Source material:

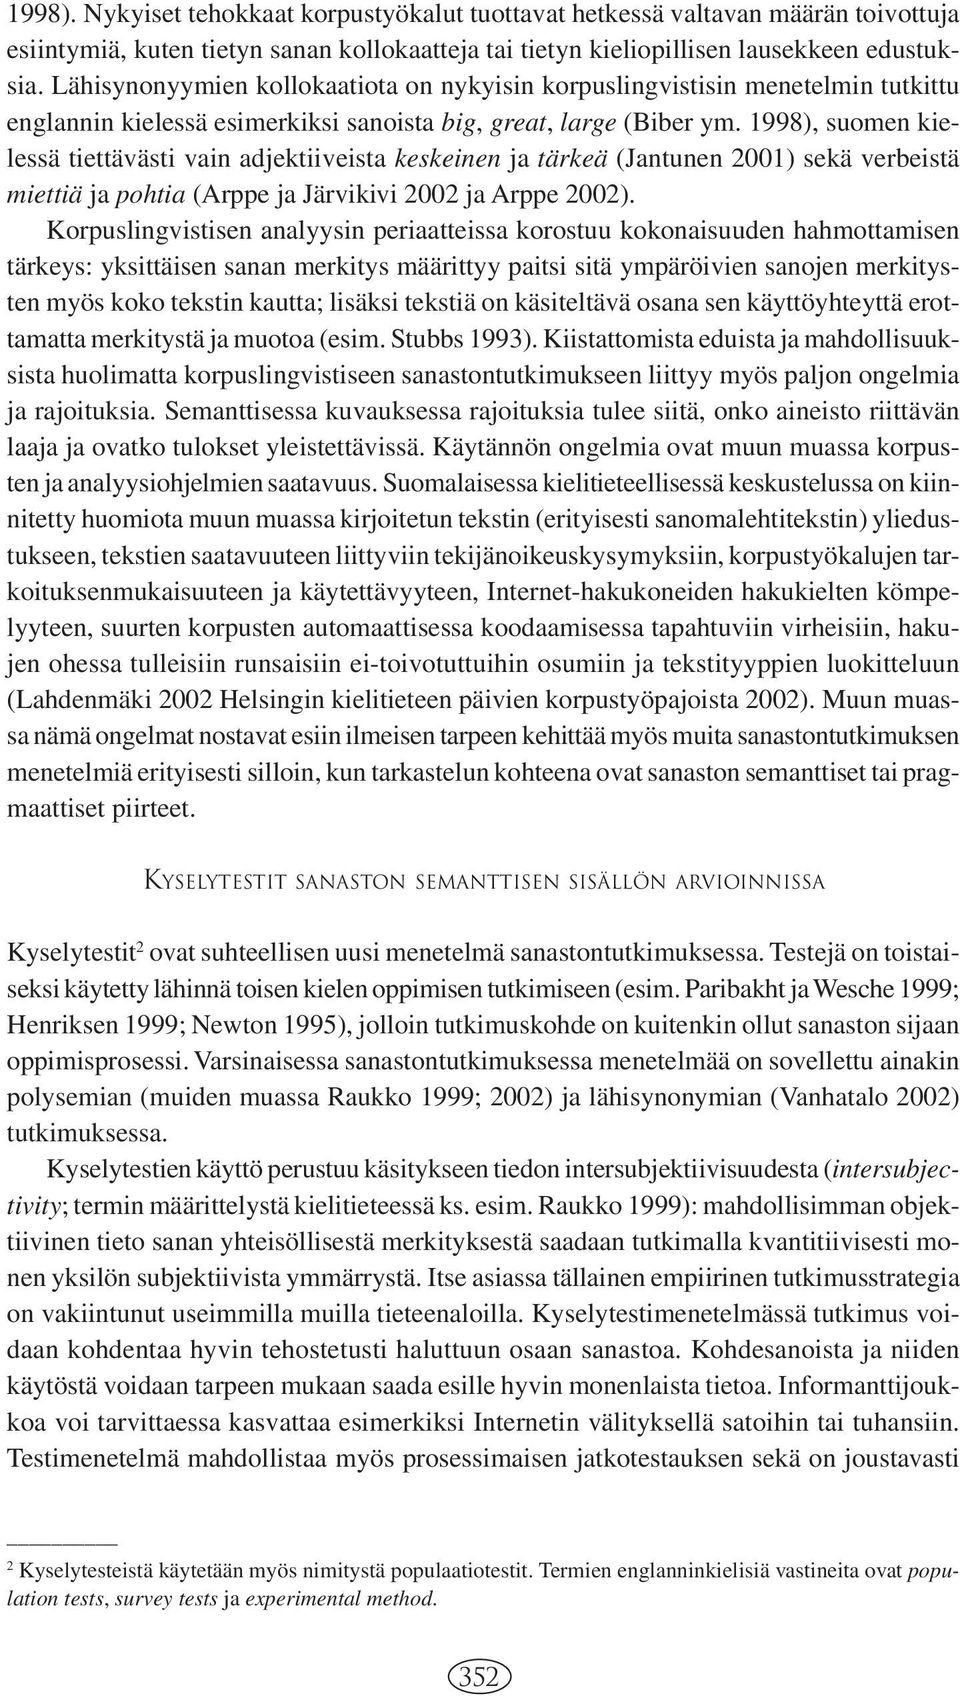 1998), suomen kielessä tiettävästi vain adjektiiveista keskeinen ja tärkeä (Jantunen 2001) sekä verbeistä miettiä ja pohtia (Arppe ja Järvikivi 2002 ja Arppe 2002).
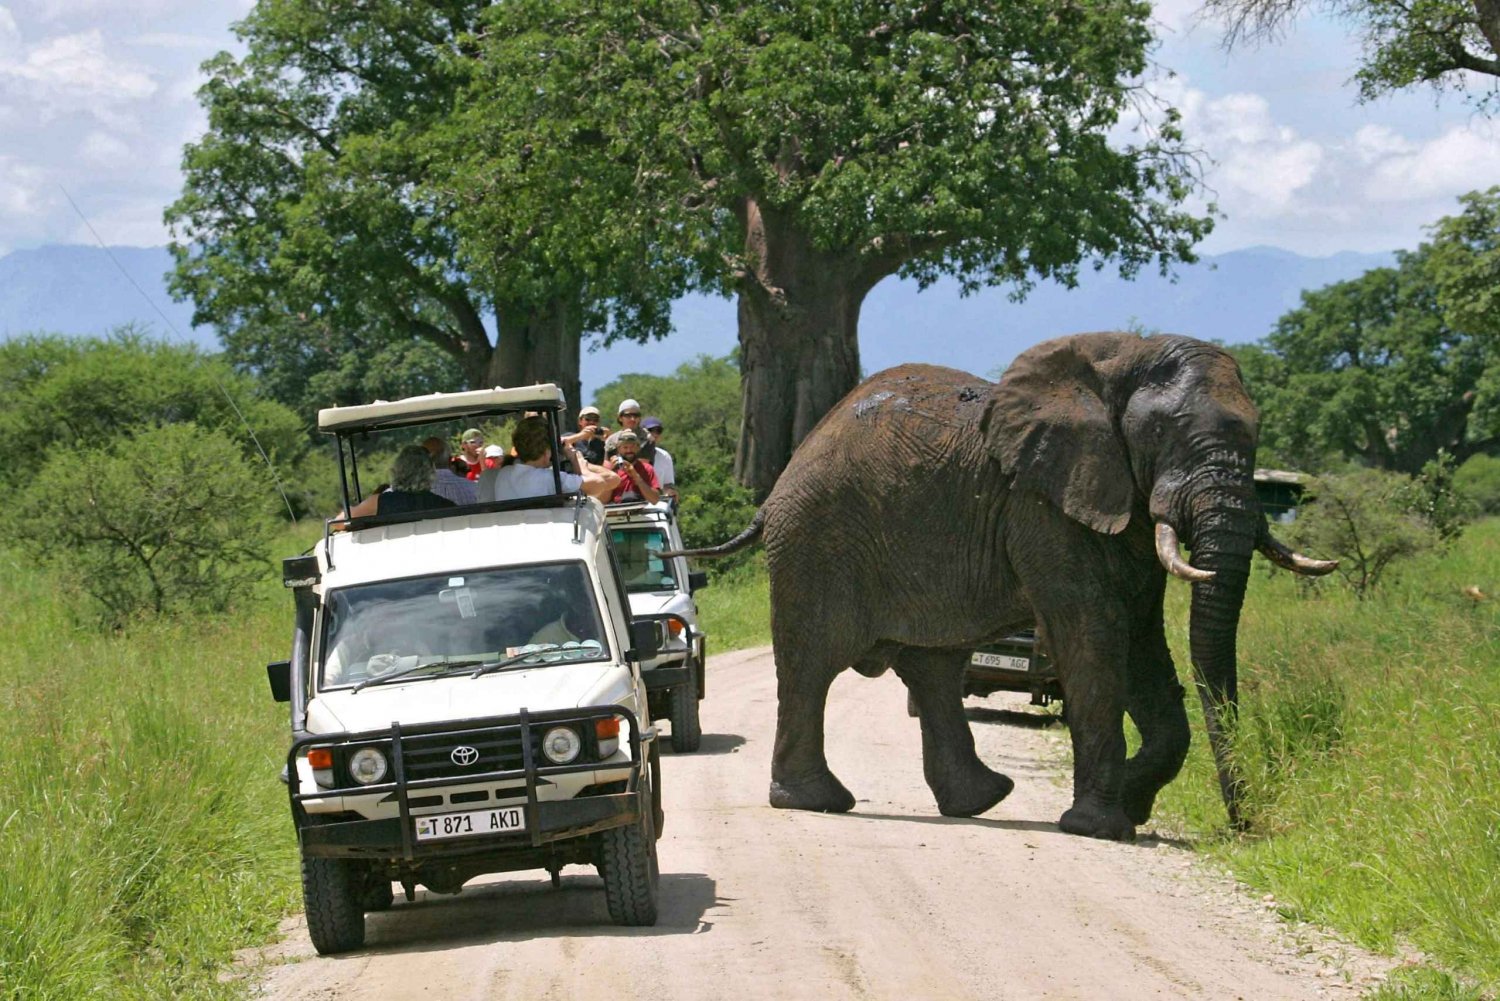 Arusha: Safari animalier d'une journée au parc national de Tarangire
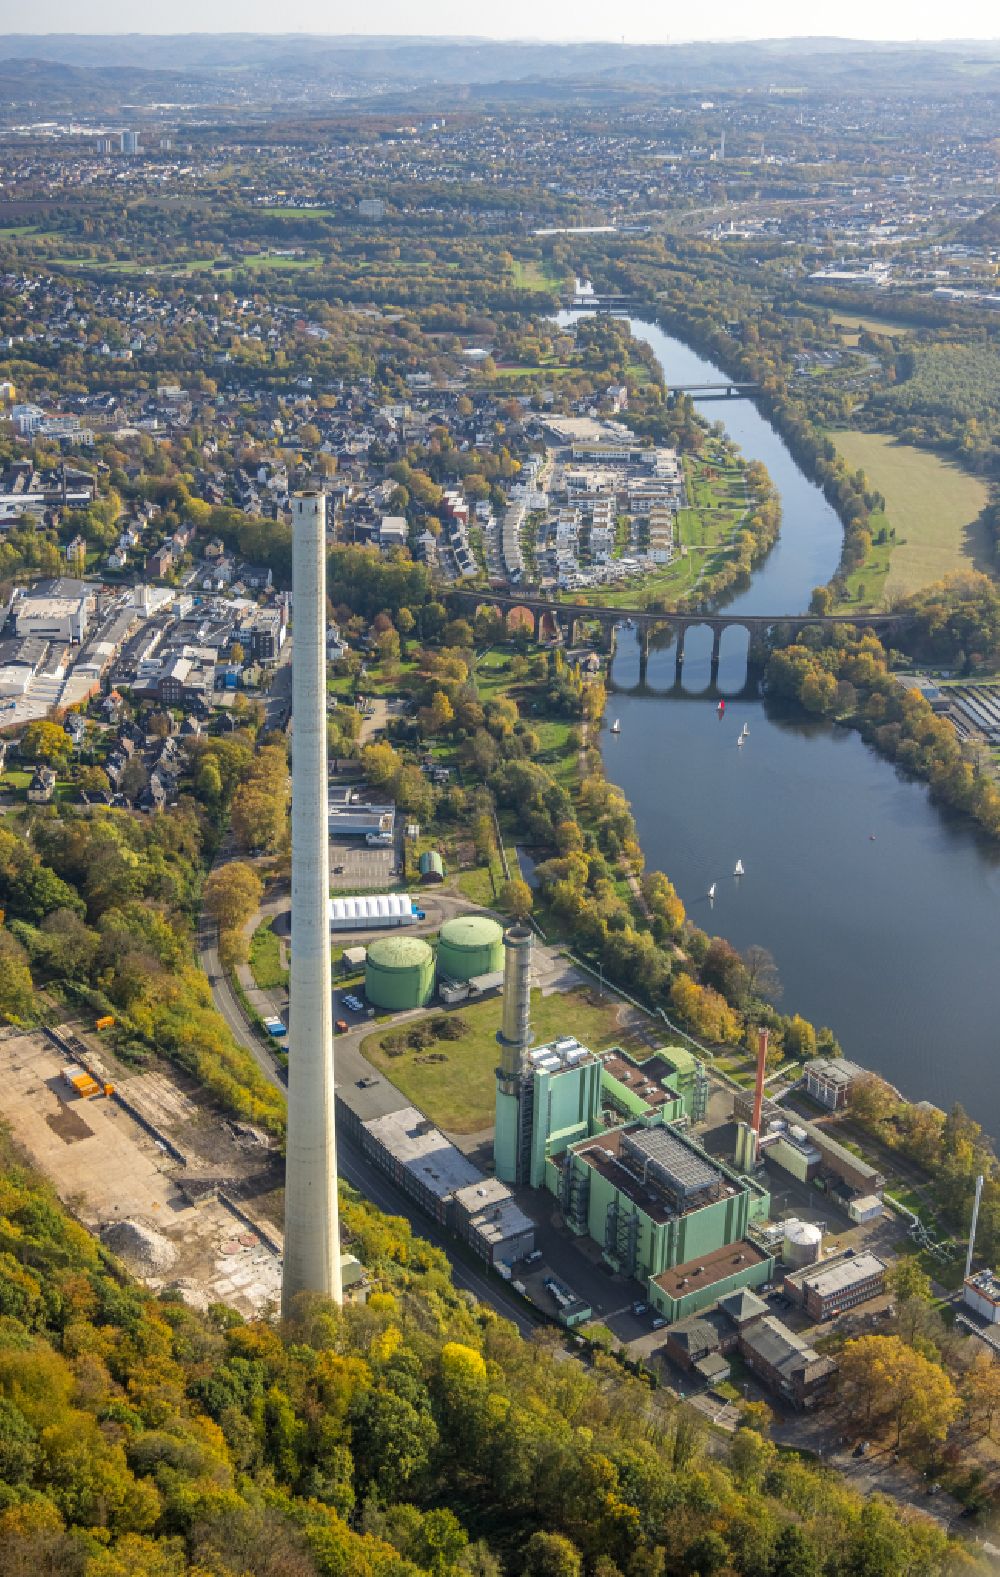 Luftbild Herdecke - Rückbauarbeiten am HKW Heizkraftwerk und Kohlekraftwerk Cuno Kraftwerk in Herdecke im Bundesland Nordrhein-Westfalen, Deutschland

To do:
Give an exact copy of the data, and omit any pictures it holds.

Response area:
 1998), suomen kielessä tiettävästi vain adjektiiveista keskeinen ja tärkeä (Jantunen 2001) sekä verbeistä miettiä ja pohtia (Arppe ja Järvikivi 2002 ja Arppe 2002).
 Arusha: Safari animalier d'une journée au parc national de Tarangire
 Luftbild Herdecke - Rückbauarbeiten am HKW Heizkraftwerk und Kohlekraftwerk Cuno Kraftwerk in Herdecke im Bundesland Nordrhein-Westfalen, Deutschland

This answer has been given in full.